• Material for this exercise
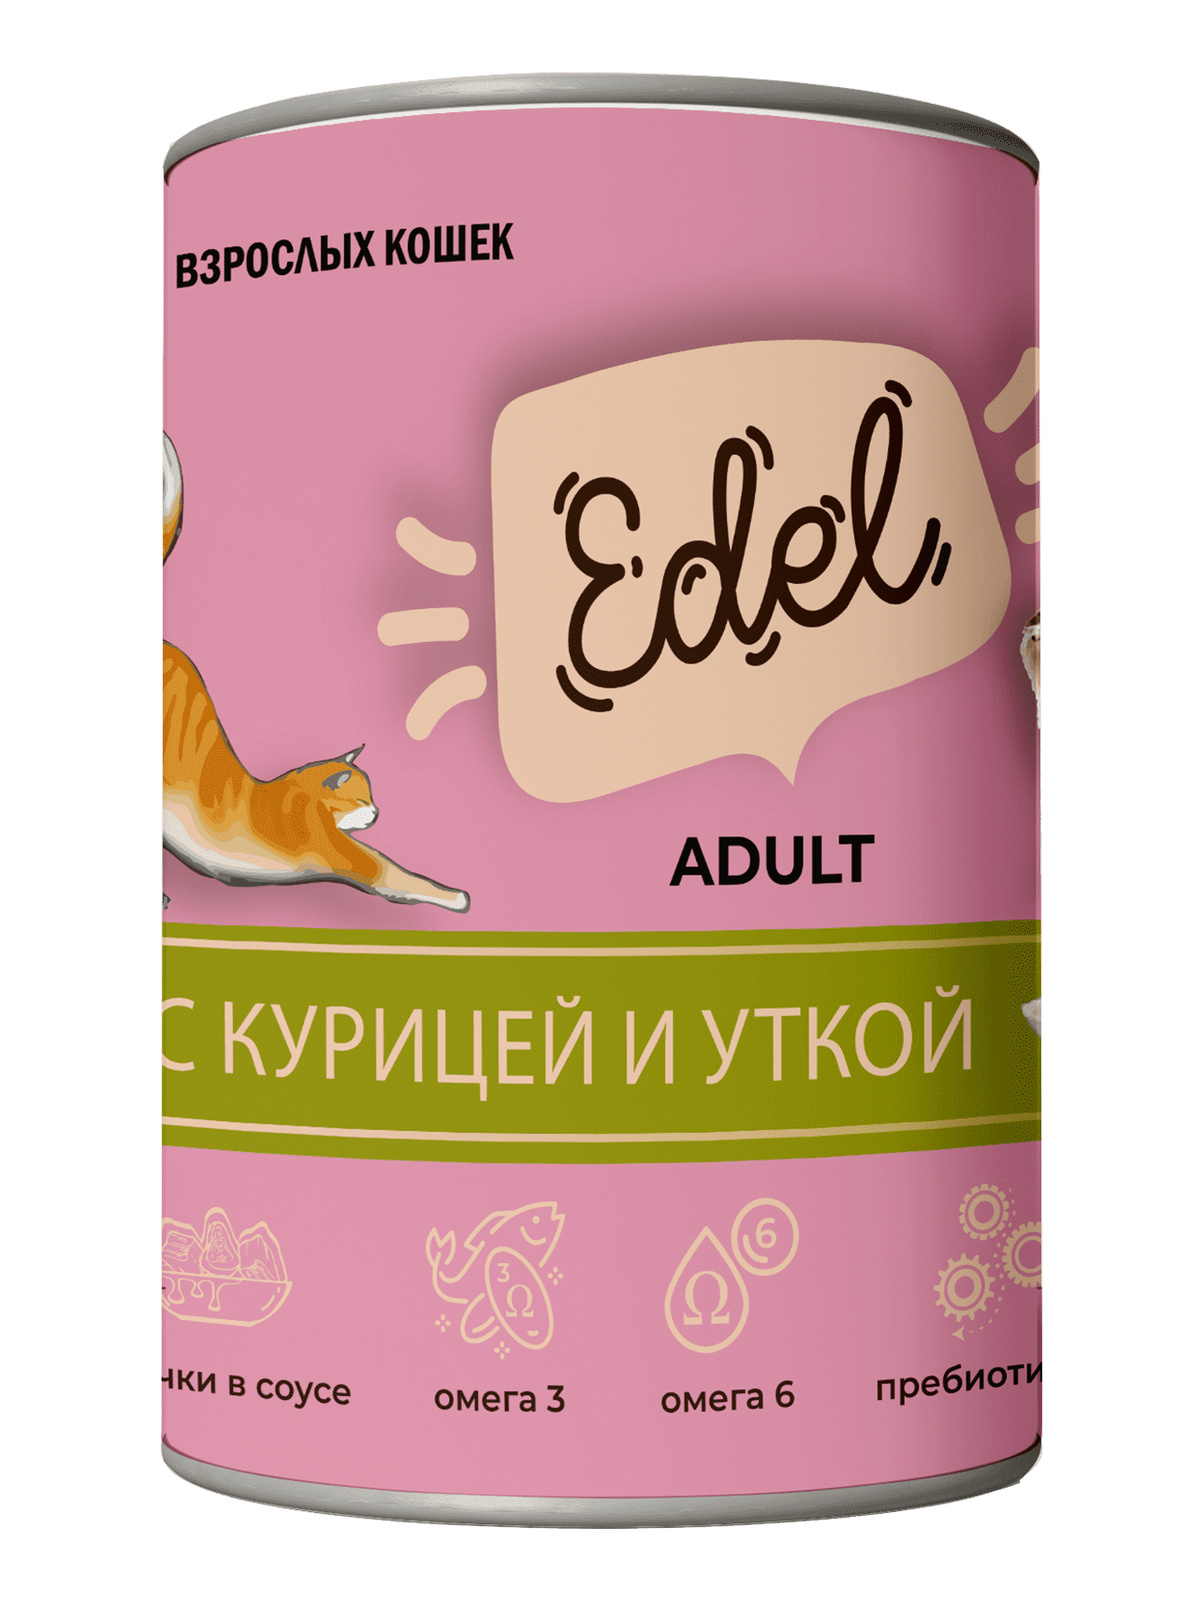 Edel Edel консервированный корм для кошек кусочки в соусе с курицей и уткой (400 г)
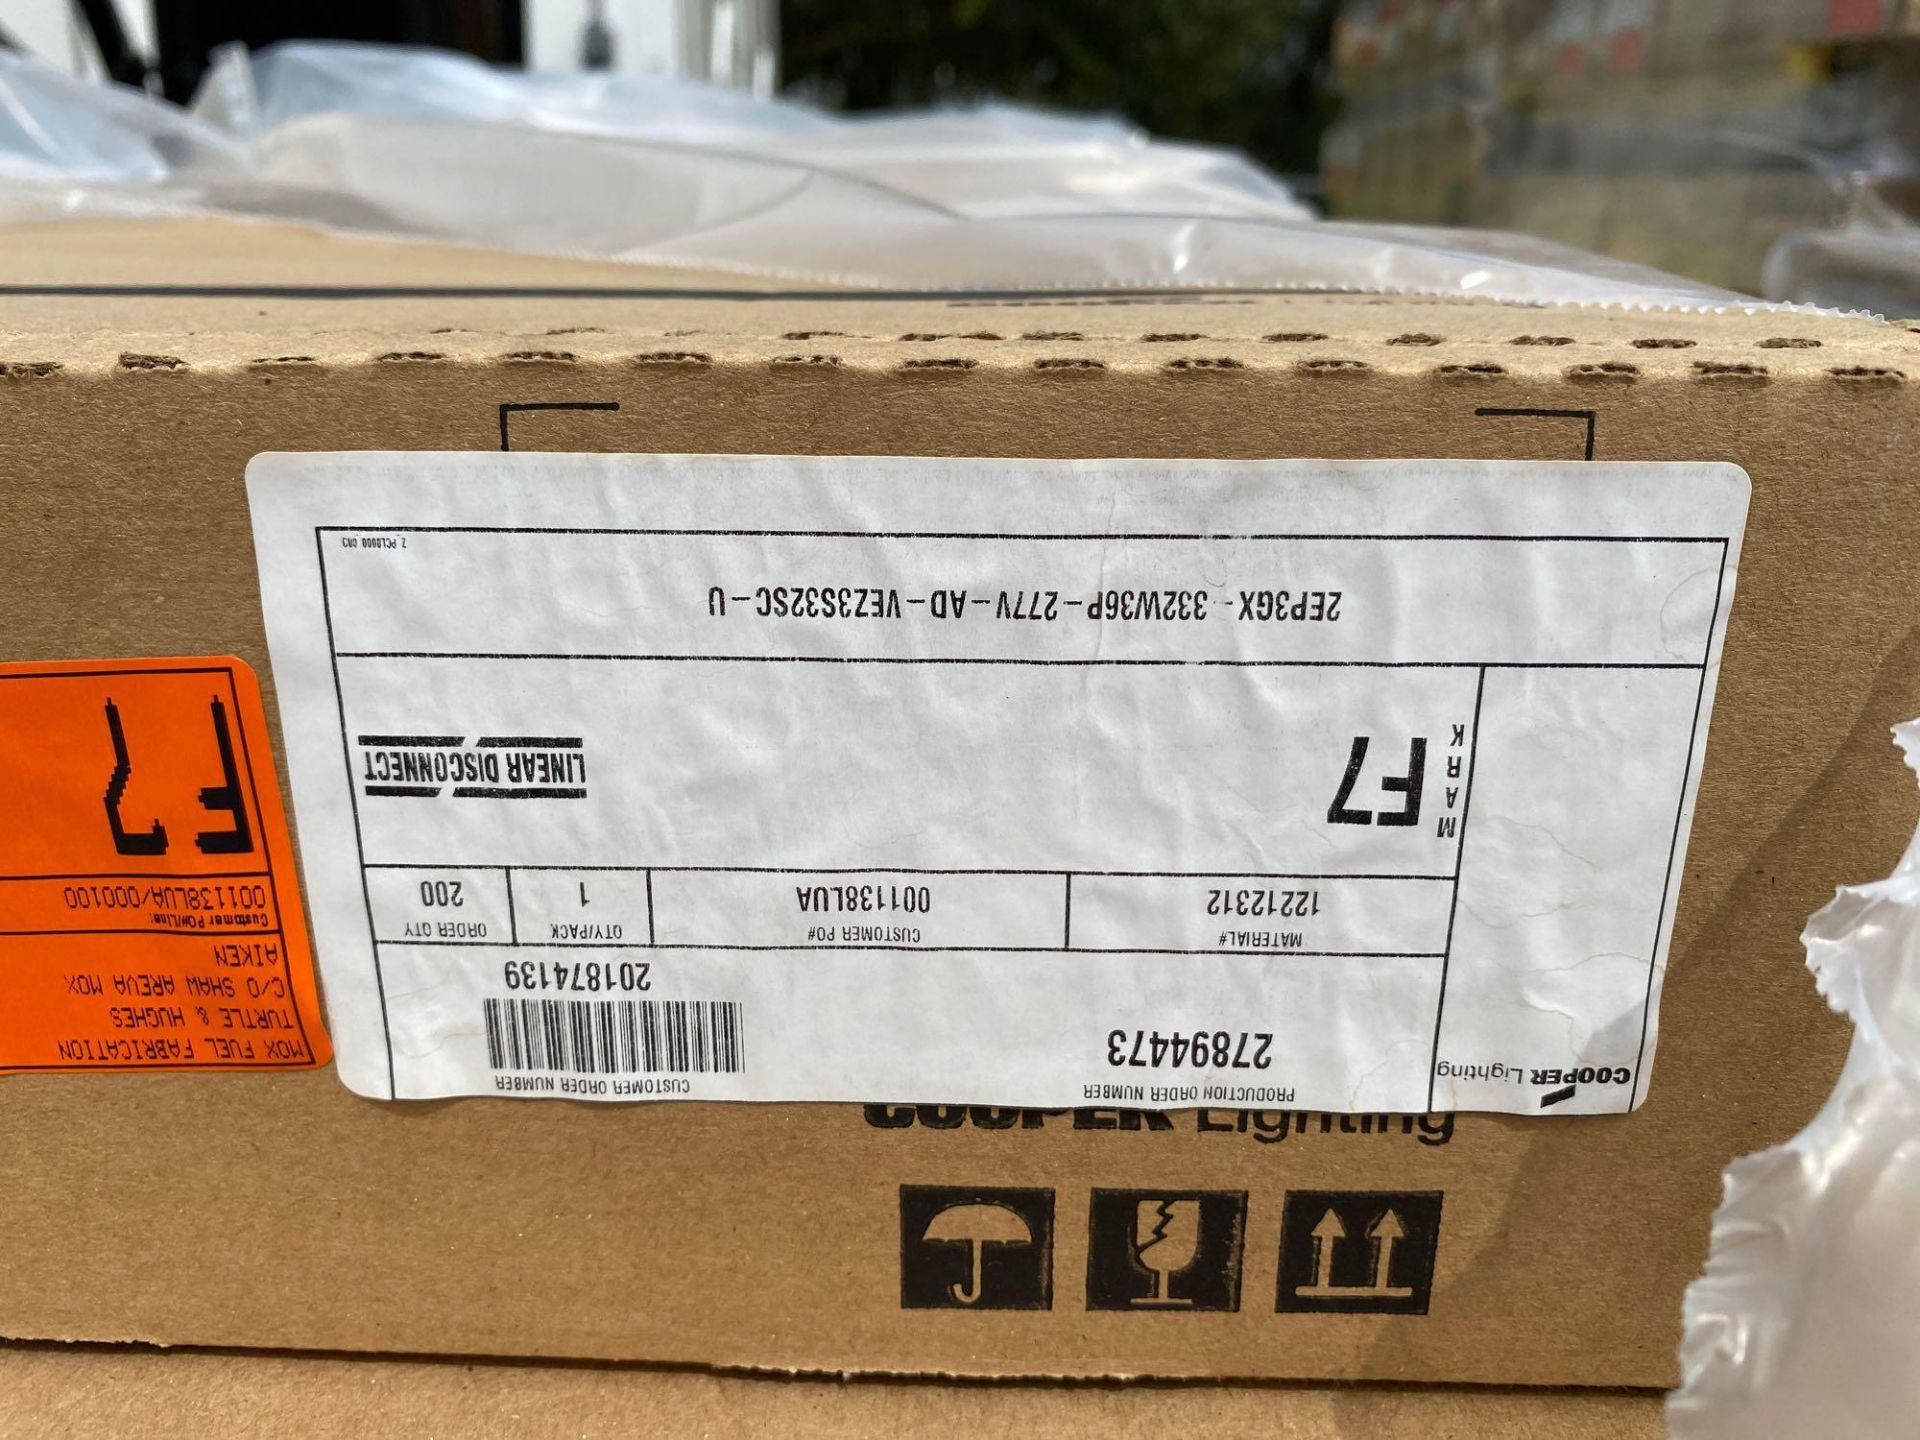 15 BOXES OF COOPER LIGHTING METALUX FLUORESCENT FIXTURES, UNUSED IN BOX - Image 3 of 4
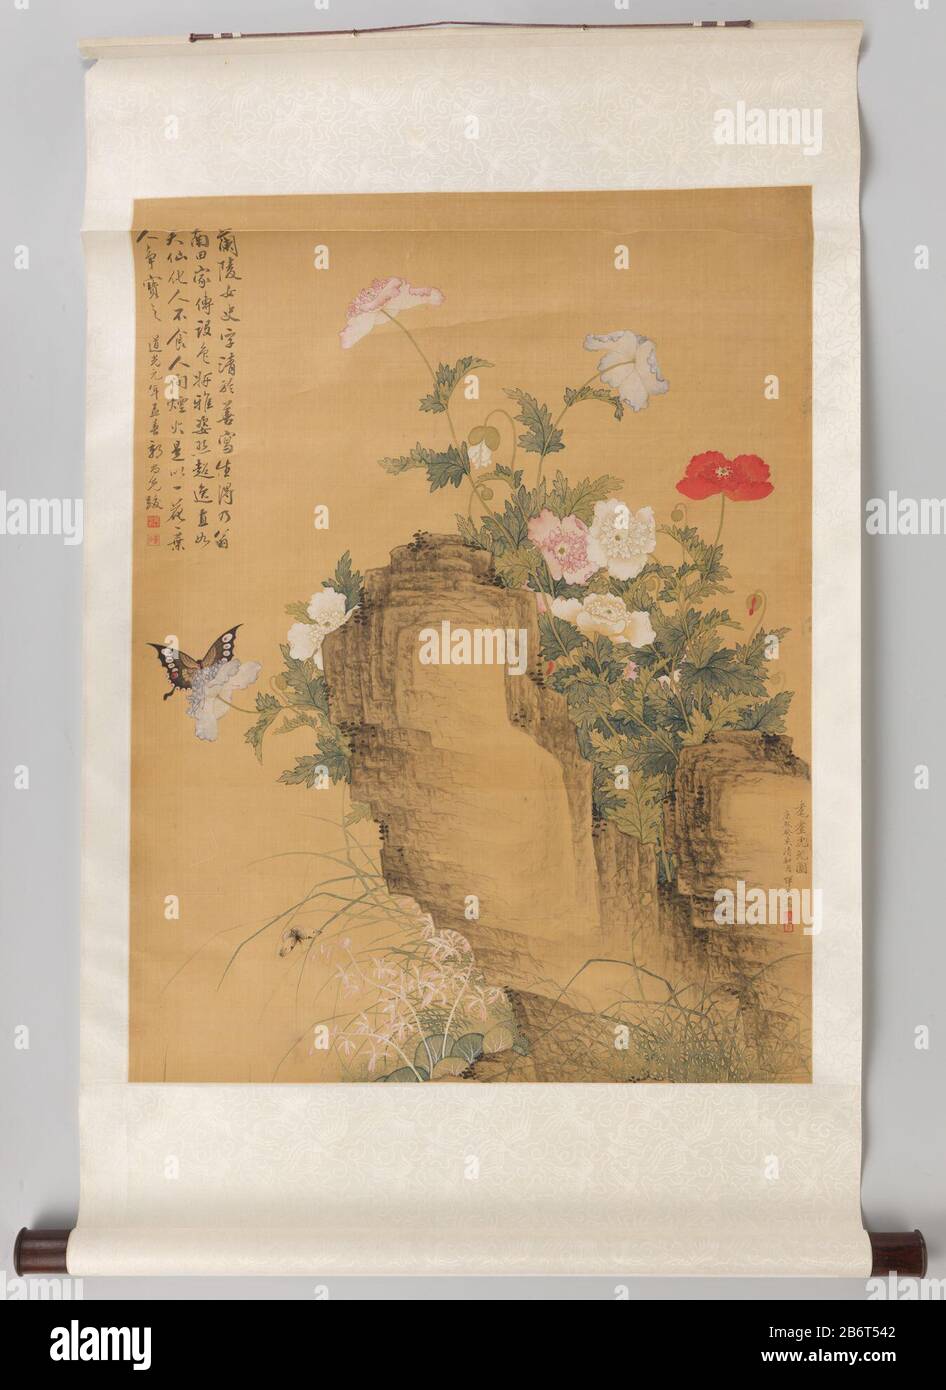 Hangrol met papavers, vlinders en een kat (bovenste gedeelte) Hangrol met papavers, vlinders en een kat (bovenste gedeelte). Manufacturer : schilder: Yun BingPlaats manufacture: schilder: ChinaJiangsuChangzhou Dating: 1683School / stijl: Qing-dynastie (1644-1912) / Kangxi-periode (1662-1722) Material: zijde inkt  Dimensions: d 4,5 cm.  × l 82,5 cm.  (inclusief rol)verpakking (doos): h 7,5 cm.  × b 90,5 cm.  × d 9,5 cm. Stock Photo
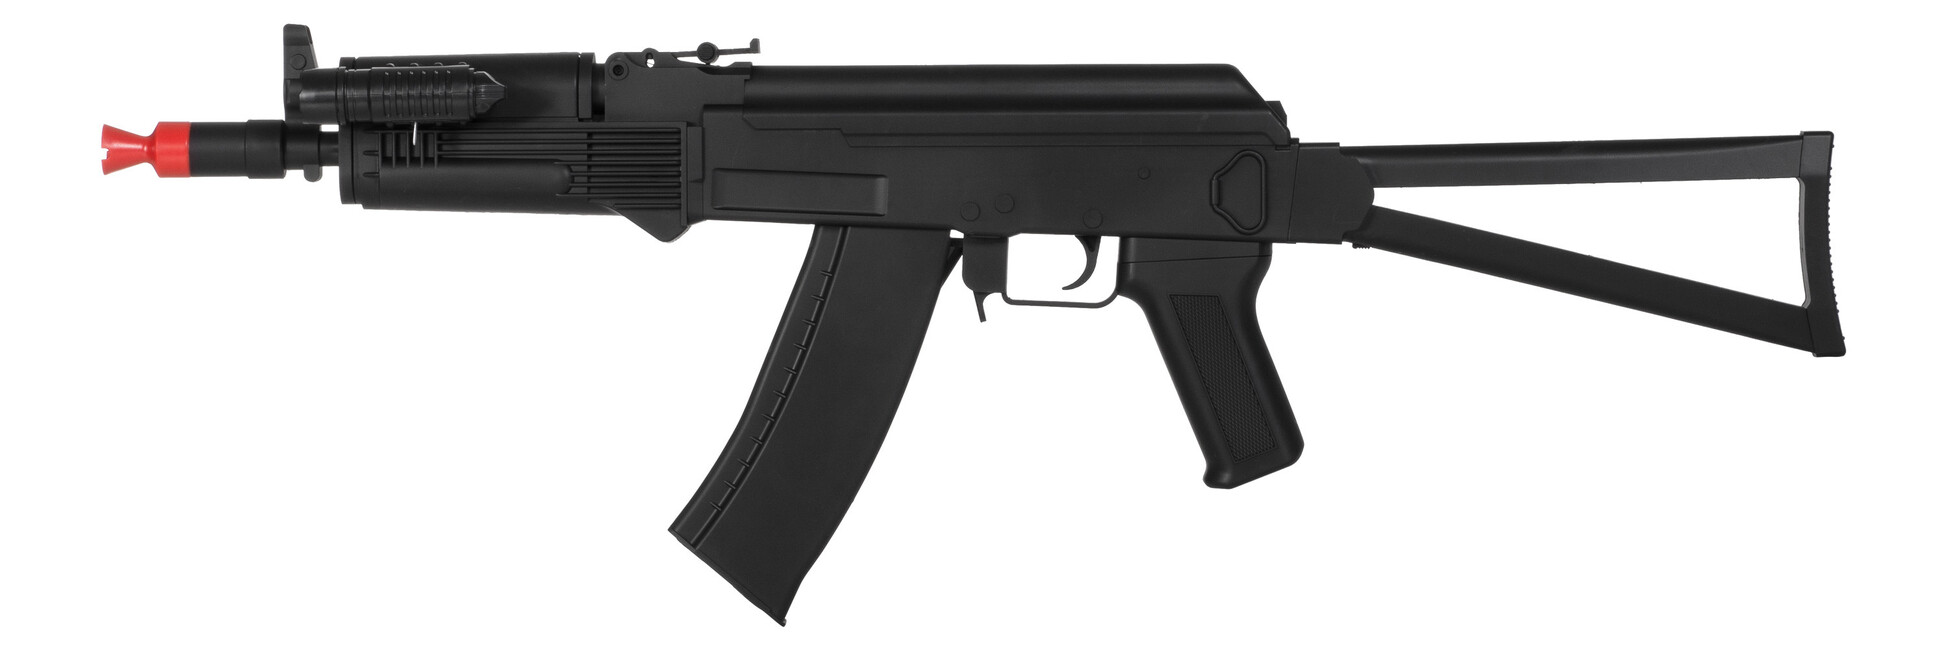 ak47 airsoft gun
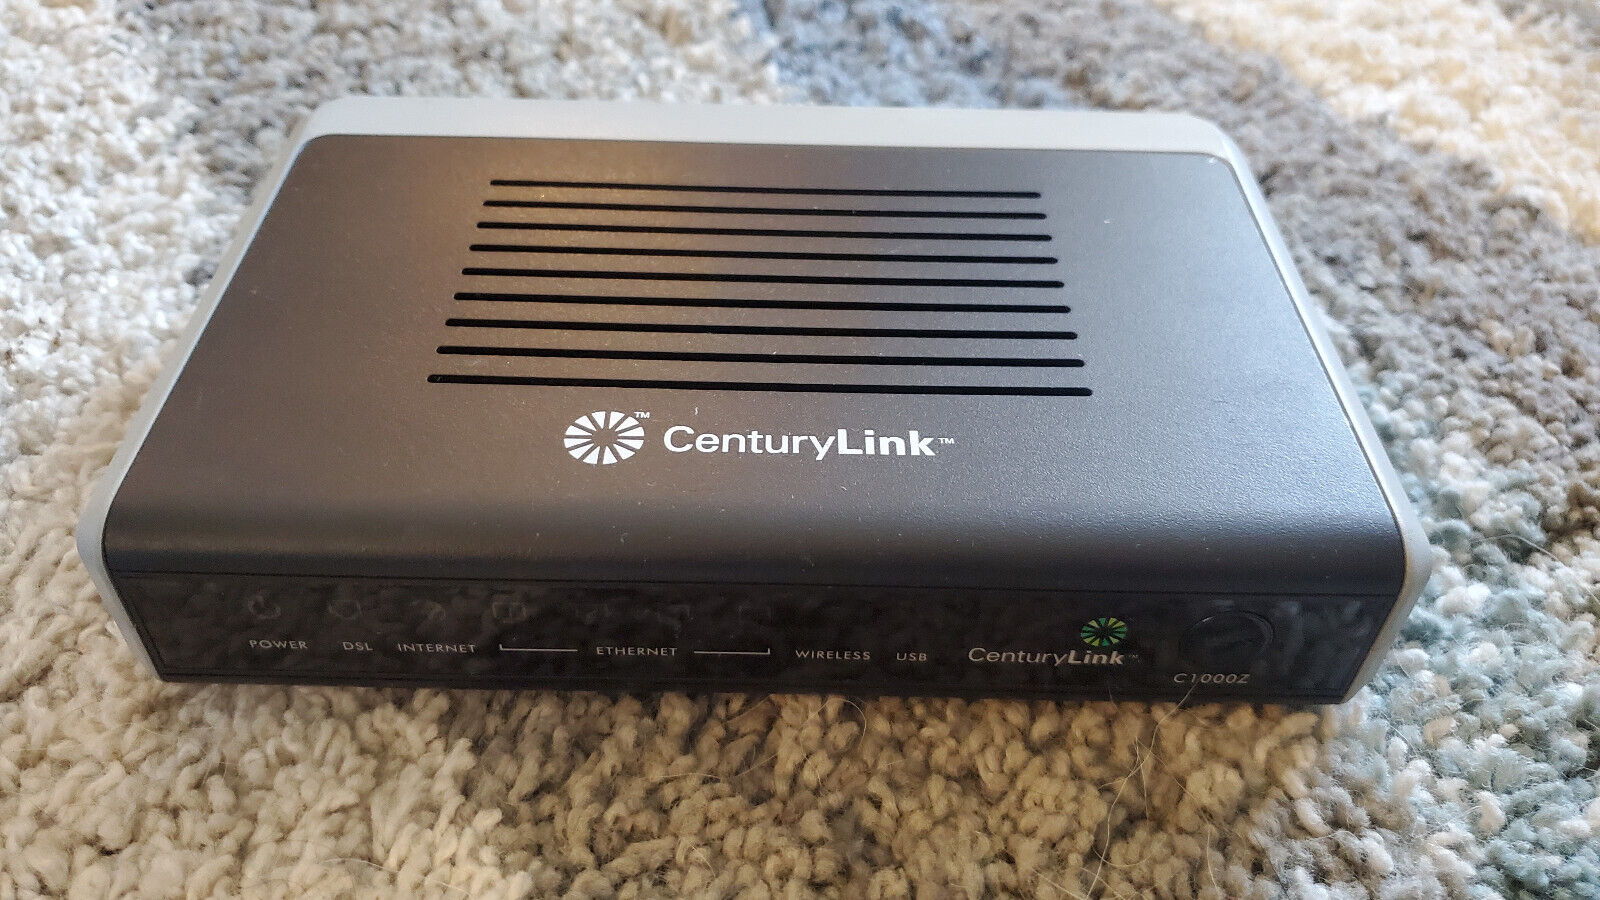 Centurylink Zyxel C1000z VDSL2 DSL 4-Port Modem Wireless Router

• Work request
All of the listing above must be output exactly, except for its pictures.

• Written answer
 Edel Edel консервированный корм для кошек кусочки в соусе с курицей и уткой (400 г)
 15 BOXES OF COOPER LIGHTING METALUX FLUORESCENT FIXTURES, UNUSED IN BOX - Image 3 of 4
 Hangrol met papavers, vlinders en een kat (bovenste gedeelte) Hangrol met papavers, vlinders en een kat (bovenste gedeelte). Manufacturer : schilder: Yun BingPlaats manufacture: schilder: ChinaJiangsuChangzhou Dating: 1683School / stijl: Qing-dynastie (1644-1912) / Kangxi-periode (1662-1722) Material: zijde inkt  Dimensions: d 4,5 cm.  × l 82,5 cm.  (inclusief rol)verpakking (doos): h 7,5 cm.  × b 90,5 cm.  × d 9,5 cm. Stock Photo
 ak47 airsoft gun
 Centurylink Zyxel C1000z VDSL2 DSL 4-Port Modem Wireless Router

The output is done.